The migrate.rb file is missing; I presume it only contains this line:

        require "RubySchema-old.rb"

BEFORE MERGING:

The differences in the Contract file are:

  i renamed Contract to Assert; Contract is an alias; i will introduce a
   distinction in the future.

The differences in the Type file are:

  i renamed Tuple to Form (this is an important change)
  i changed Nameable#const_name_is

  i made Form extend Nameable
  i removed Boolean (already in Contract.rb)
  i added Template#specializations,#normalize_args
  i added calls to Nameable#const_name_is
  i added ChoiceType#base, MultiChoiceType, All
  you moved SymbolSubset over there
  i parenthesised some method calls for Ruby-1.7 compatibility.

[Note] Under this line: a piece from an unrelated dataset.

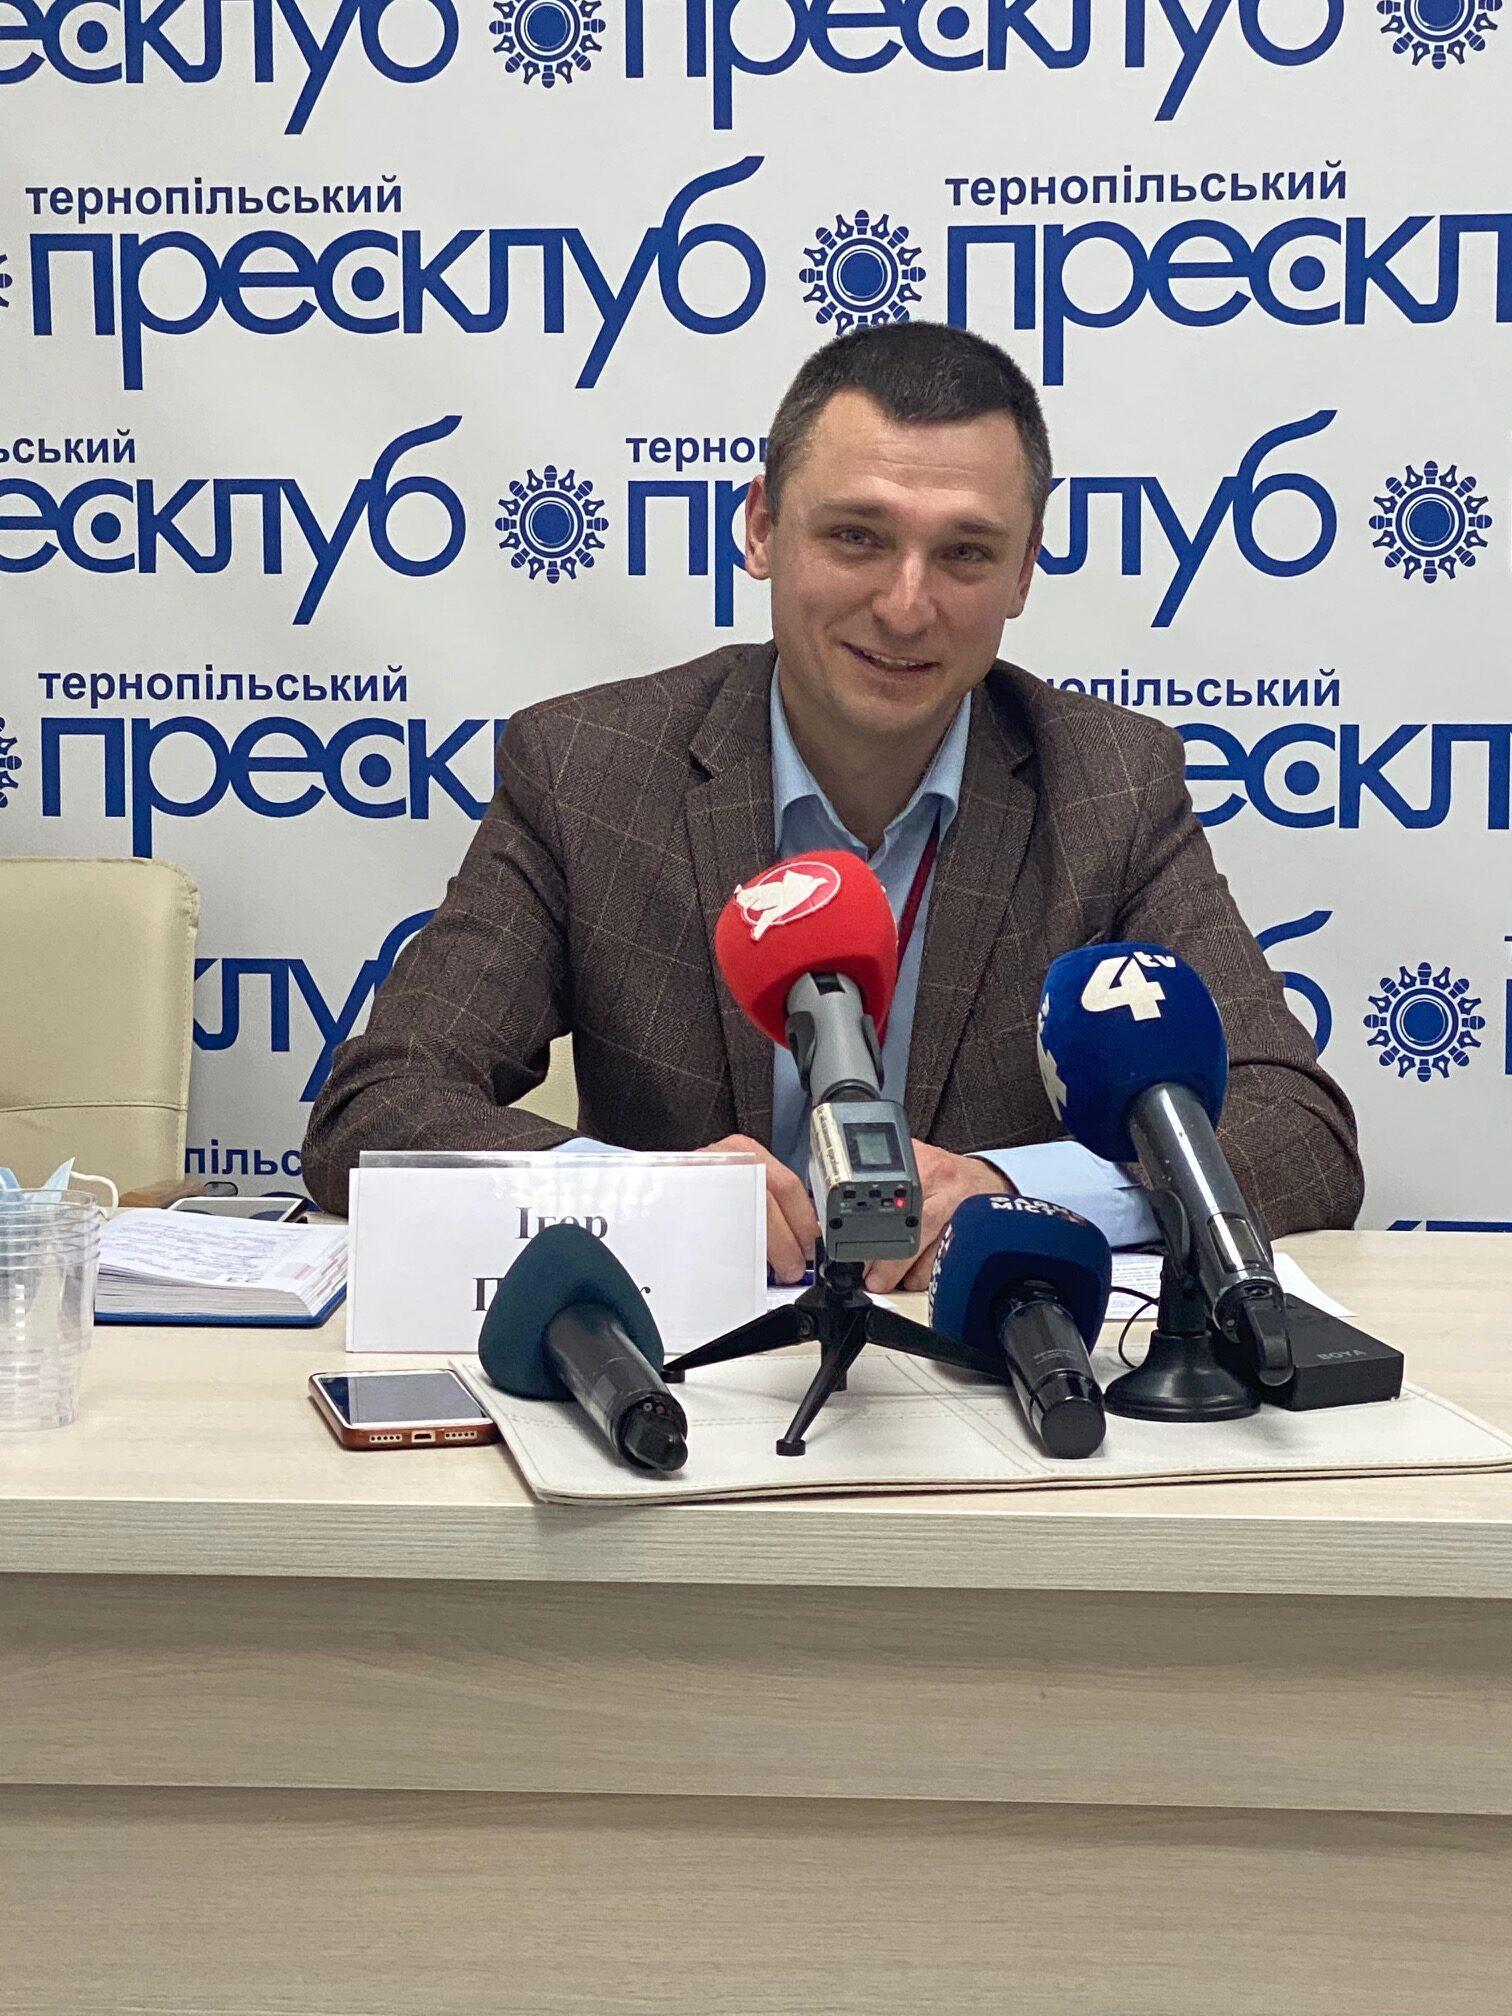 Підсумковий захід «Оцінка дня голосування та підрахунку голосів на місцевих виборах-2020 в Тернопільській області»

The differences in the RubySchema file are:

  i added SymbolSubset #to_s, include Nameable
  i fixed RRescue, DefArgs, DefClass
  you moved SymbolSubset to Type.rb
  you fixed Ident, IdentSel
  you added VarSpecial, GVar, etc.; i added those differently;
    in particular, they are not Forms, they are directly SymbolSubsets.
    i don't know (or remember) why you did that.
    __FILE__,__LINE__ are called XVar.
    VarSpecial merged into GVar.
  you added Self<Form
  you changed Alias

DURING THE MERGE:

  updated your files until they could be replaced by my files.
  I still made a few further changes on both sides:

The differences in the Contract file are:

  i added DoCheckTypes relying on env var RUBY_CONTRACT (no more X11_LOG)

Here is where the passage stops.